The creation of a Palestinian State, the freeze of settlements, the importance to respect the Nuclear Non-proliferation Treaty are all themes that were expected. The position taken by President Obama in his speech to the Muslim world in Cairo this Thursday, if it sharply differs from G.W. Bush’s, is not a surprise. The « innovation » does not lie in major initiatives that the President could have run neither.
Therefore how can we explain the almost unanimous qualification of « historical » of this speech?

« The US-Israeli-Arab relationship now looks like an isosceles triangle. » This is how the Israeli newspaper Haaretz has analyzed the consequences of the presidential statements.
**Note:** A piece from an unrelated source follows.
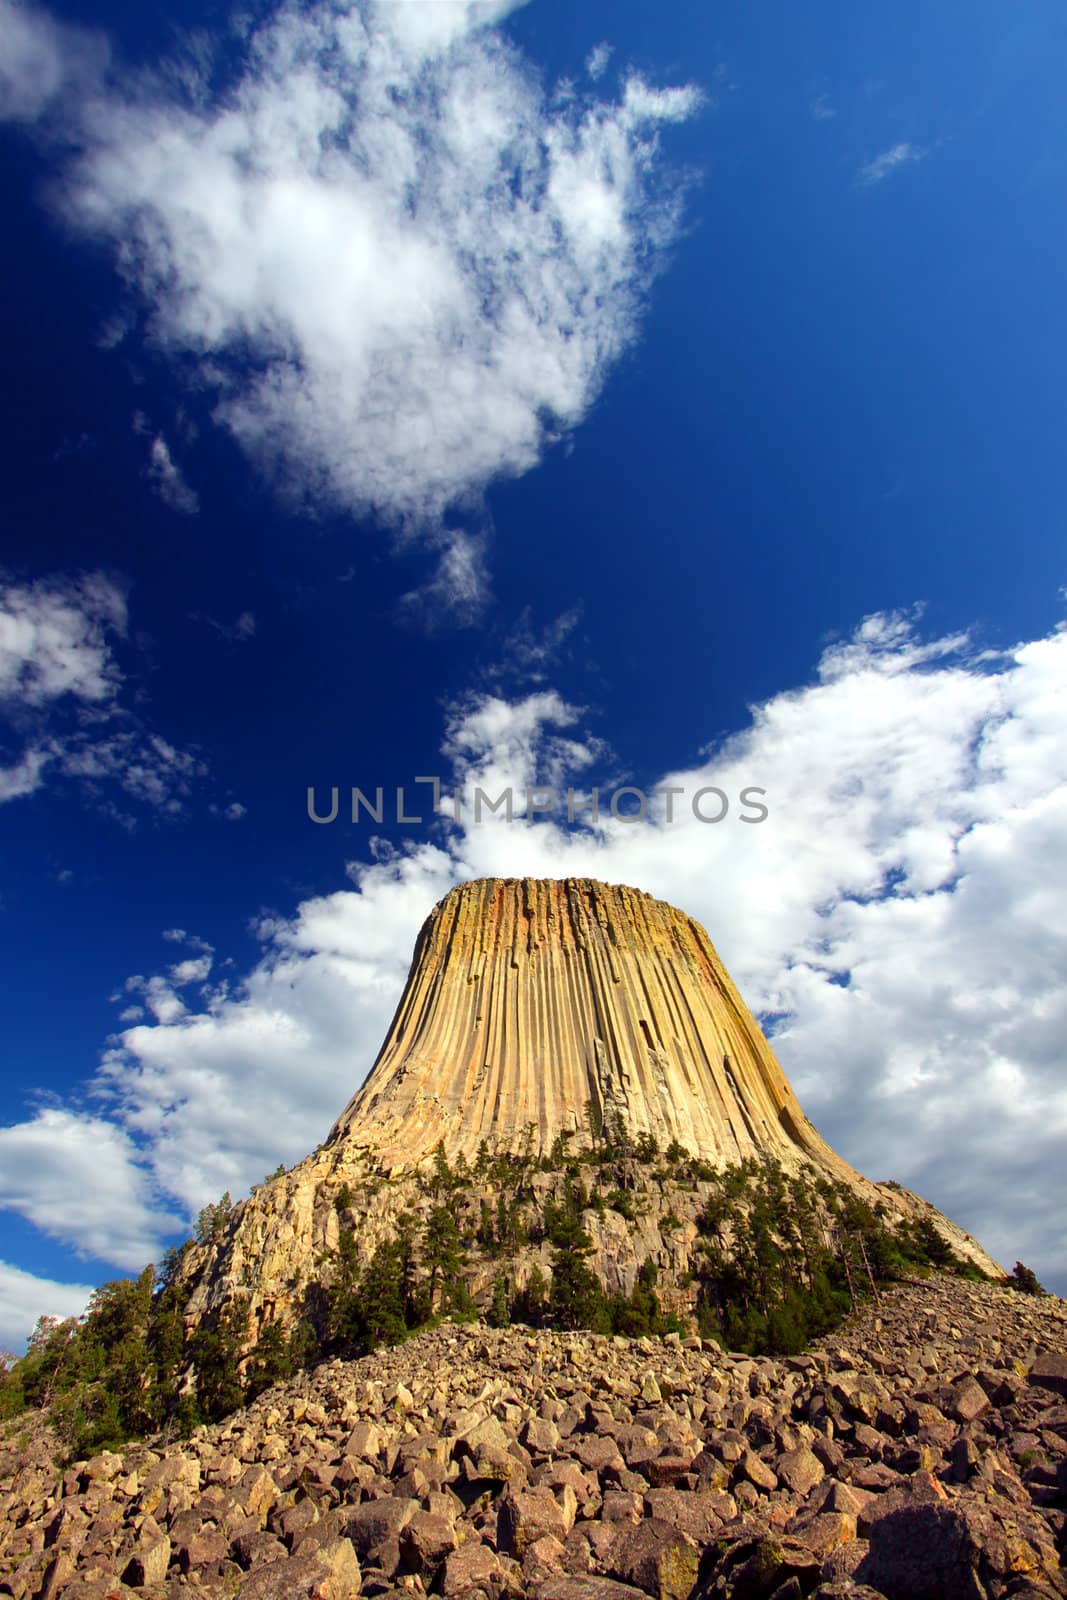 Devils Tower National Monument rises into the big skies of Wyoming.

For Haaretz, B. Obama placed Arabs and Israelis on an equal footing in his speech. Indeed this Middle Eastern « tour » is full of symbols.
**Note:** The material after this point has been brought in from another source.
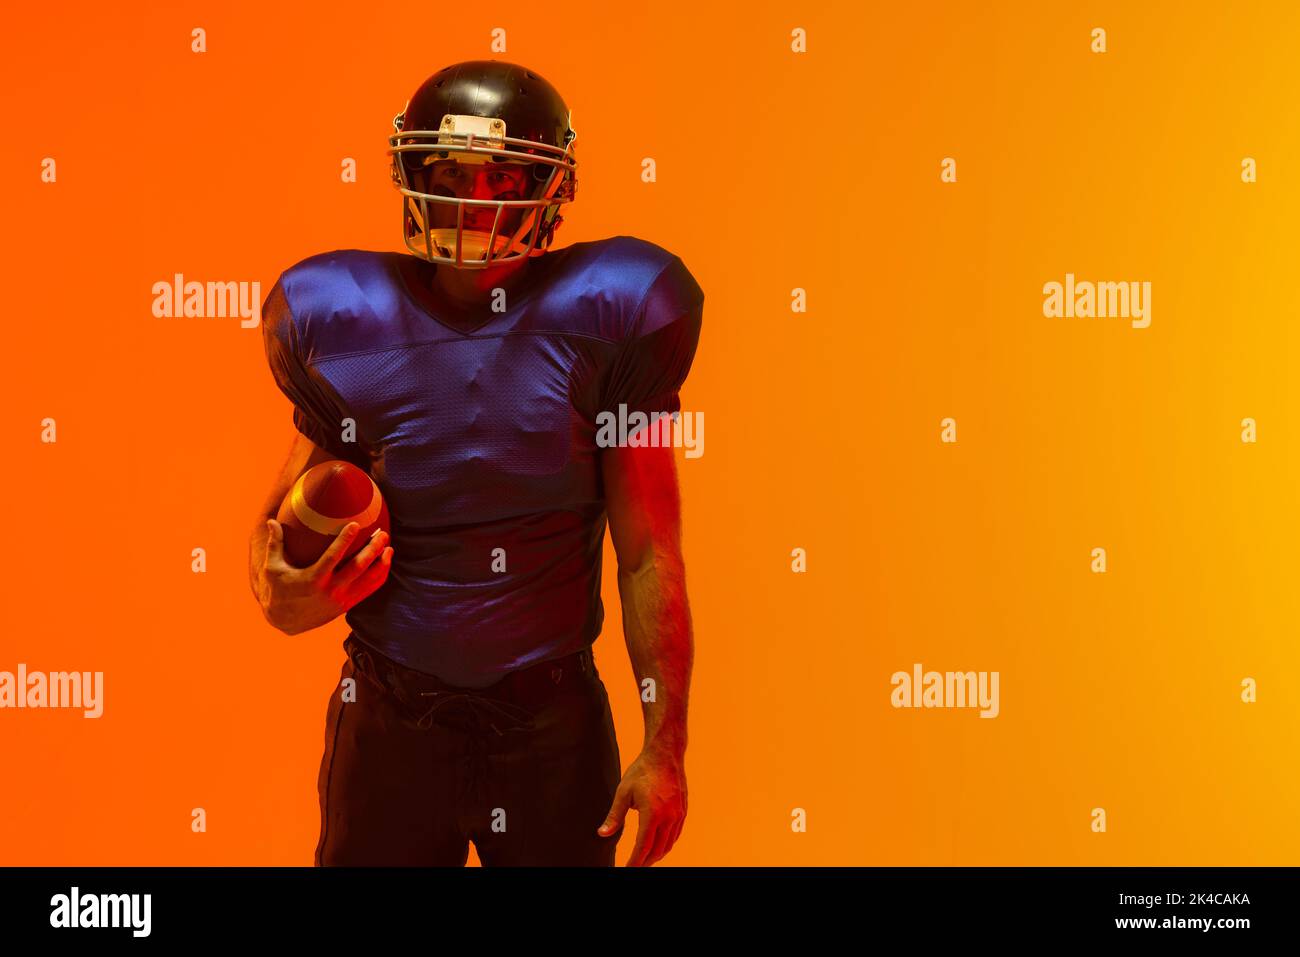 Caucasian male american football player holding ball with neon orange lighting. Sport, movement, training and active lifestyle concept. Stock Photo

First, in terms of American alliances in the region, Saudi Arabia and Egypt have been confirmed in their role as regional pillars after they have been worried of being put on the sidelines by the new U.S. foreign policy. Then, as many analysts exposed, B. Obama spoke of « Palestine » in his speech instead of « future Palestinian State » as it is usually the case. This is not more than a rhetorical turn, but it obviously has a symbolic weight. His firmness on the issue, despite a recent deterioration of US-Israeli relations, is to be highlighted as well as the recognition of the Palestinian situation as “unbearable”. For the first time, the Israeli tropism was moderated and an American president has dared demanding that Israel respect the rights of the Palestinians. The impact of this discourse will only be assessed after the launch of concrete acts but the tone used by the President was marking.
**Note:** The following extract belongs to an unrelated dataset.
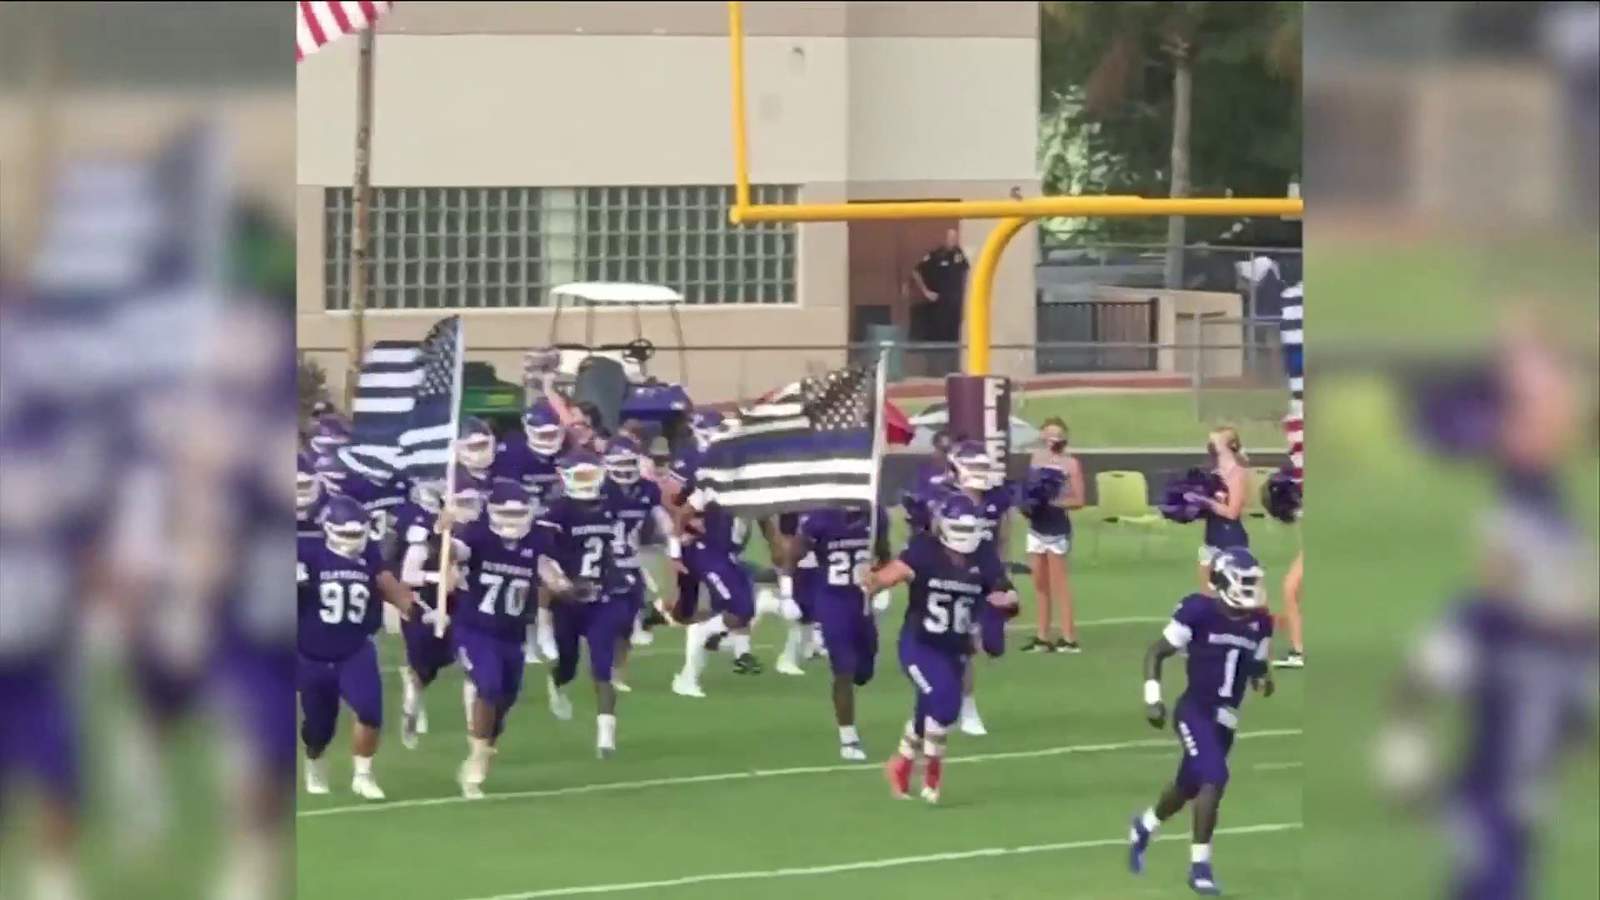 Florida high school bans police flag after controversy

Finally, B. Obama did not forgot that his speech was directed to Muslims and quotations from the Koran, the assurance of America’s respect for Islam and the affirmation that tradition, religion and modernity are not incompatible were also addressed to a part of Westerners who tend to be worried about Islam.

Moreover, this speech is « historical » in that it reflects the American desire to loudly and clearly proclaim a break from the previous administration. « Reassuring » and « restore confidence » were the key-words of this trip. Reassuring the Muslim world by promising that the United States are not at war against Islam but against extremism, but also reassuring Europeans who feared that America could drag them into a « clash of civilizations. » In addressing the Middle East, B. Obama has actually sent a strong signal to the world: the United States is now aware that “the less it will use its power, the more powerful it will be”. However, this new American tone will have to be translated into concrete actions if B. Obama wishes to convince the Arabic populations.

In Cairo, President Obama did not only propose a new vision of peaceful and constructive relations between the United States and the Arab-Muslim world, he also proposed a new American awareness of the duties a « hyper-power » has to fulfill.